Uluslararası toplumun sessizliği ve yeni bir felaket endişesi

İsrail ordusunun Gazze kentine yönelik kara saldırılarını genişletme kararı ve sivil halka yönelik "terk edin" çağrısı, bölgede yeni ve daha büyük bir insani felaketin habercisi olarak görülüyor. Elektriğin, suyun, gıdanın ve tıbbi malzemelerin tükenme noktasına geldiği, hastanelerin ve okulların bombalandığı bir ortamda, yüz binlerce insanın güvenli bir şekilde nasıl tahliye edileceği büyük bir soru işareti. Uluslararası toplumun ve özellikle de büyük güçlerin, İsrail'in bu pervasız saldırganlığına karşı etkili bir adım atmaması ve sadece kınama açıklamalarıyla yetinmesi, soykırımın daha da derinleşmesine zemin hazırlıyor.

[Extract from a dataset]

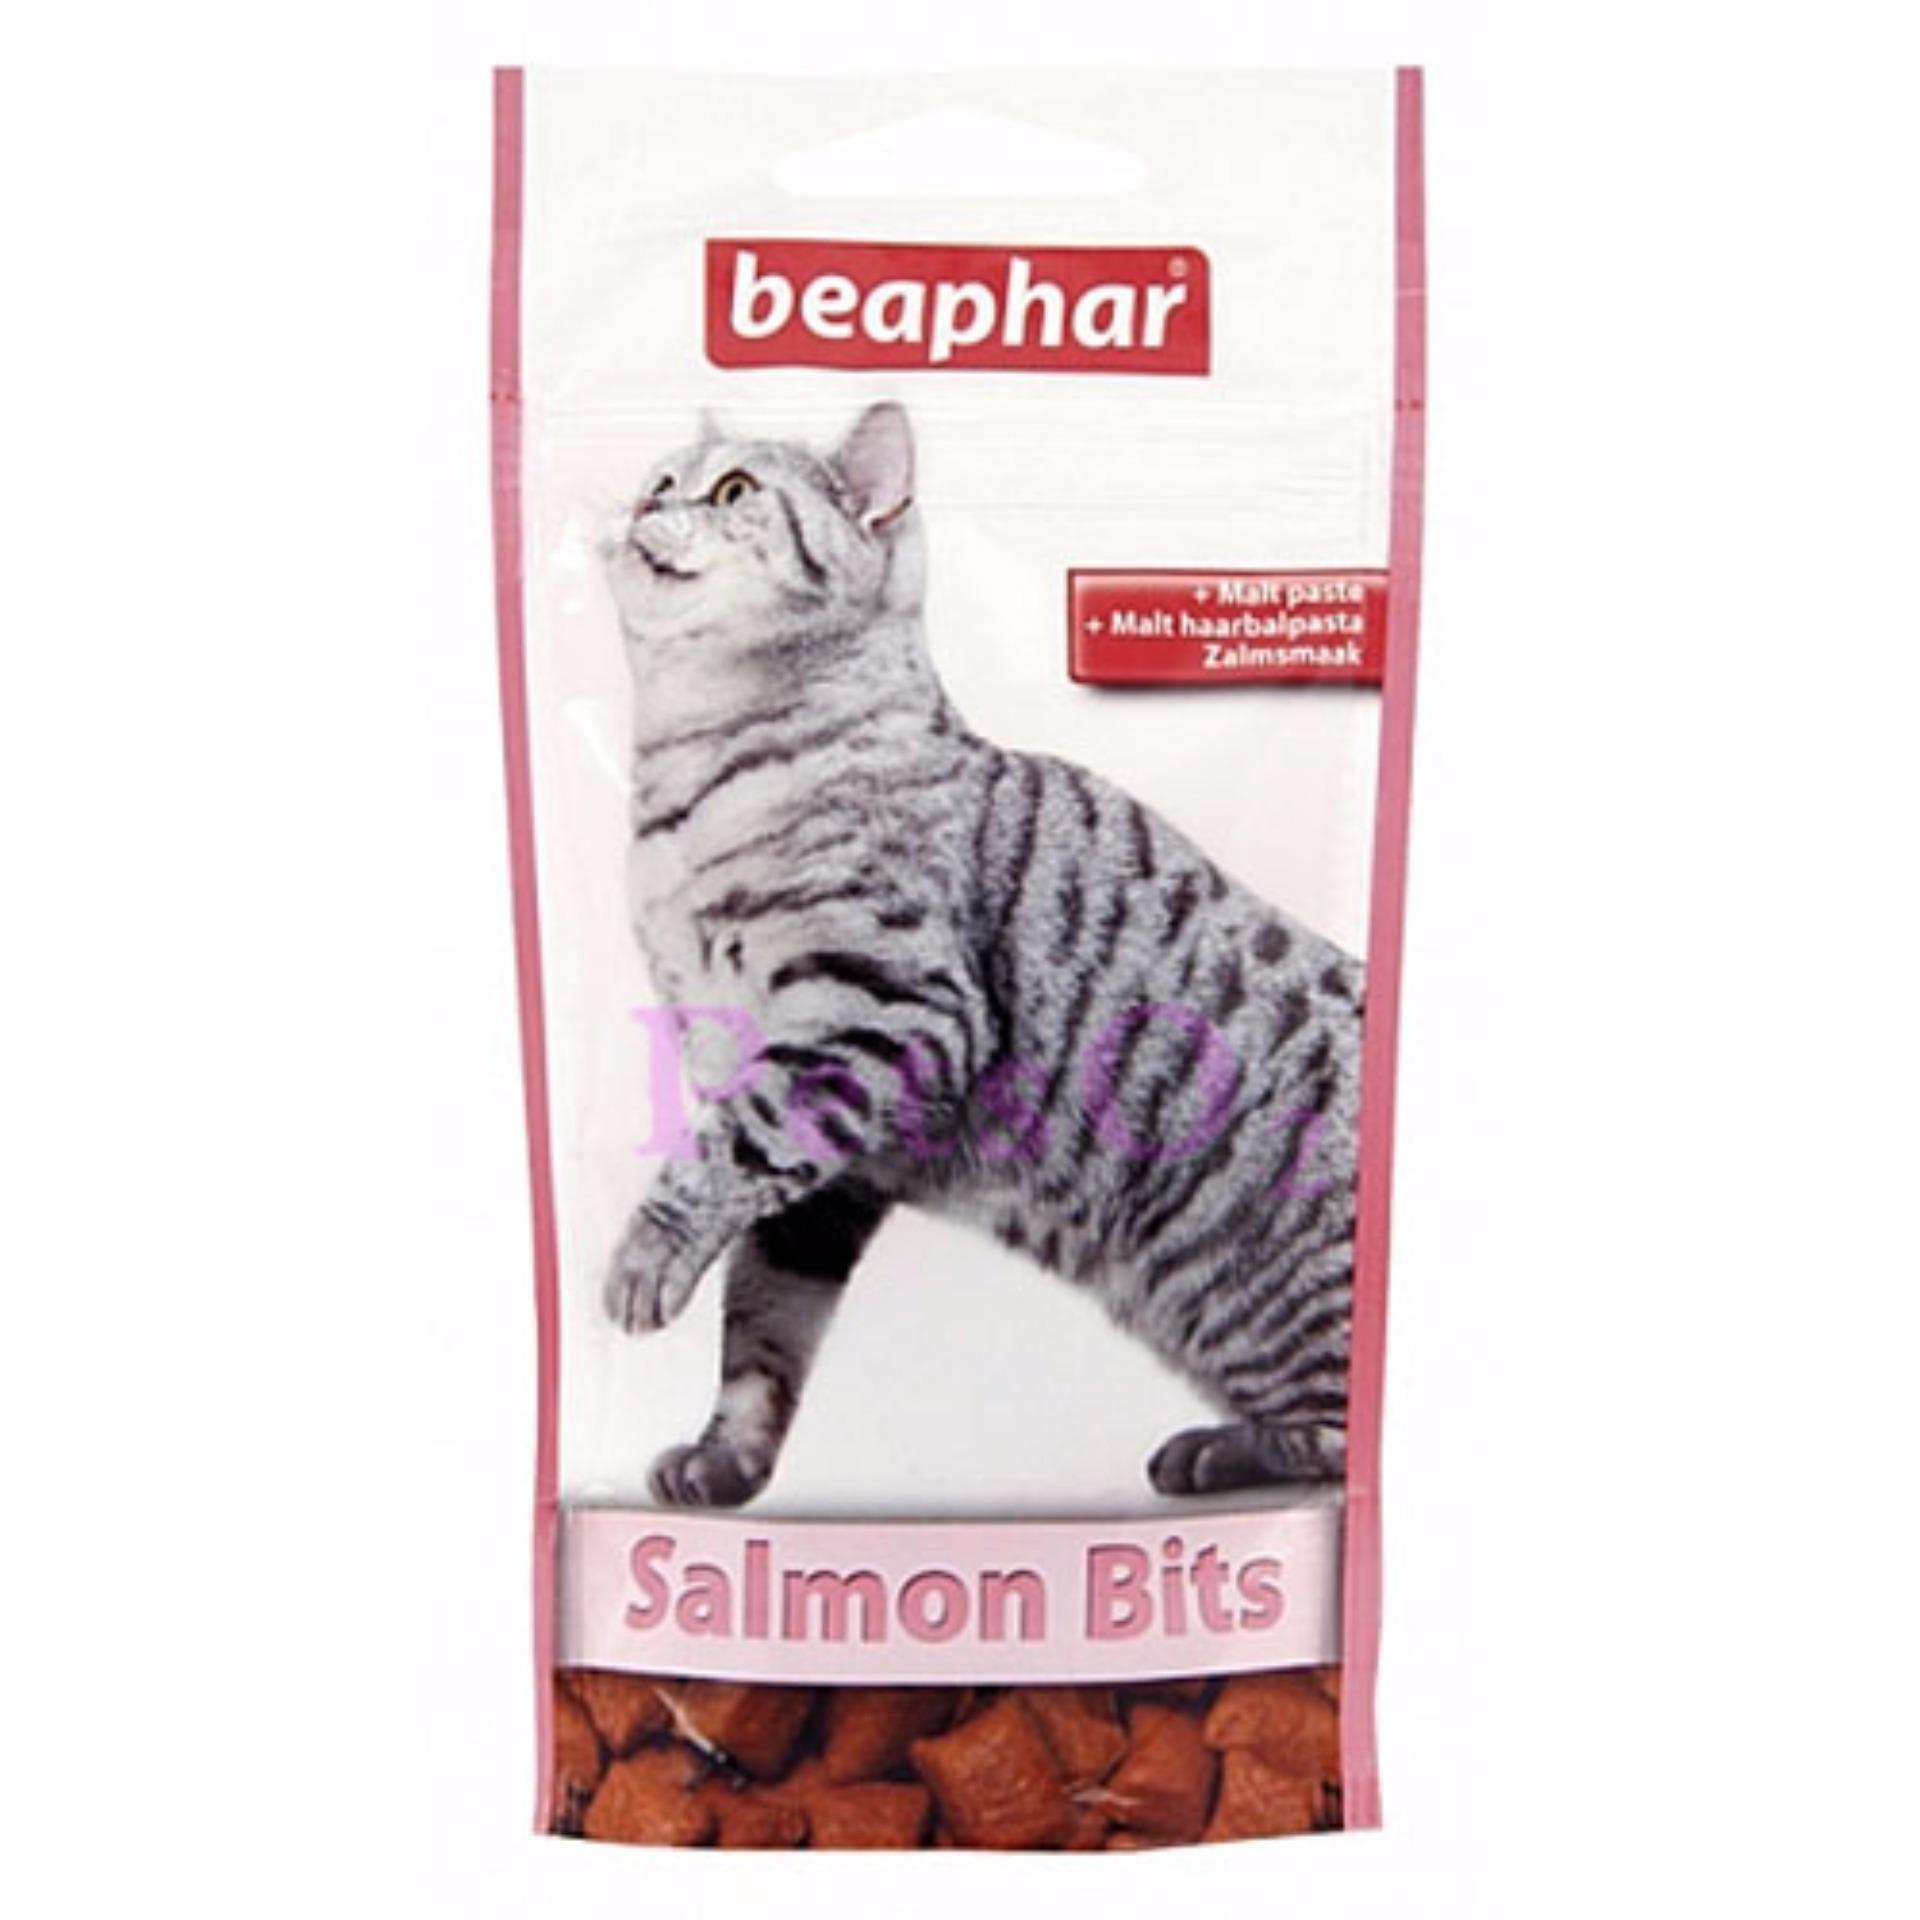 Beaphar Salmon Bits 35g Singapore Friskies Party Mix Mixed Grill 60g

Gazze kentinde kalan son sivillerin akıbeti, tüm dünyanın gözleri önünde yaşanacak olan bir insanlık trajedisinin en kritik aşaması olabilir. İnsan hakları örgütleri, İsrail'e yönelik derhal kapsamlı bir silah ambargosu uygulanması ve savaş suçlularının Uluslararası Ceza Mahkemesi'nde yargılanması için acil eylem çağrısında bulunuyor.